I have the same problem and dont know whats up to this. I also did that whole flushdns thing and it dosent seem to work.


----------



## Delphinidae (Oct 25, 2007)

I've had these is-not-hosted provider ad pages come up for many hours now. The .info site worked for a while, the direct IP address worked for a while, both without any images being loaded. Nothing works any more.


----------



## Rouge2 (Oct 25, 2007)

I think 7chan is behind this.


----------



## Arshes Nei (Oct 25, 2007)

Oh Jeeeeeeeeeeeeeeeeeeeeeeeeeesus.


----------



## yak (Oct 25, 2007)

Please check the site status forum.


----------



## Delphinidae (Oct 25, 2007)

I did, now what?
Don't tell me to edit any system files or entries, because I'm not supposed to tinker just to get a webpage. If direct IP addressing doesn't work (using the one you gave in your post), then I can flush my dns cache all day if I like, it won't matter - because the direct address also leads me to the ads and the headache (it worked, but only for a while).

Besides, I can't edit system files under Vista anyway. I'm the administrator, before you ask. Too tiring right now to submit myself to the long process of unlocking the system. 
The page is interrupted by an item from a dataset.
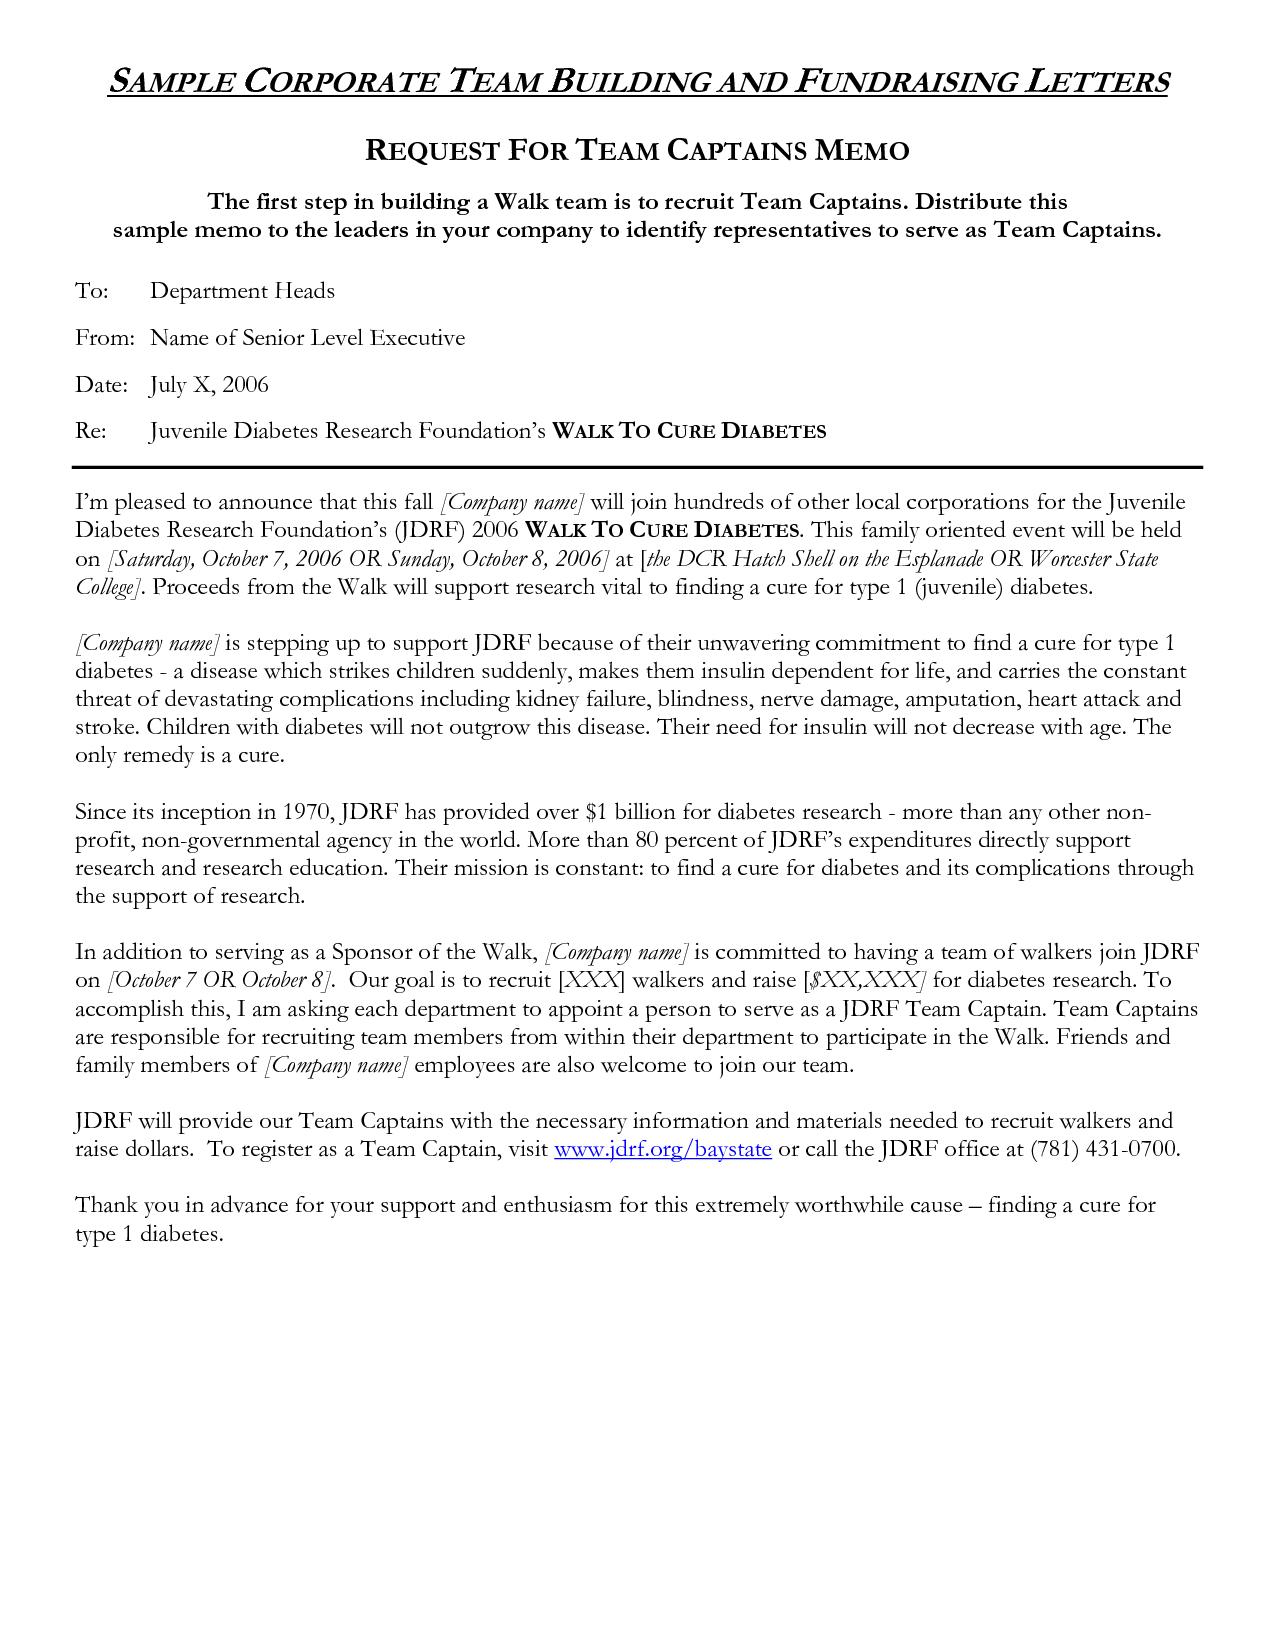 Team Building Invitation Sample Letter

I hope you guys can get this right, and fast. :wink:


----------



## SkieFire (Oct 25, 2007)

going to .info or to the ip addresses just re-directs you to that adbaaz site which is apparently down to netsols crappy handling of dns changes.


----------



## Rot-Fuchs (Oct 25, 2007)

*sigh* i wish i knew what you all were saying... but i dont... so just tell me, is the main site going to be back up and working like normal eventually? or do i have to do some crazy roundabout job that i never truly understand to my crappy pc?


----------



## codewolf (Oct 25, 2007)

oh for goodness sake!! if you actually read the site status forum you will get this...but for those who cant be bothered.....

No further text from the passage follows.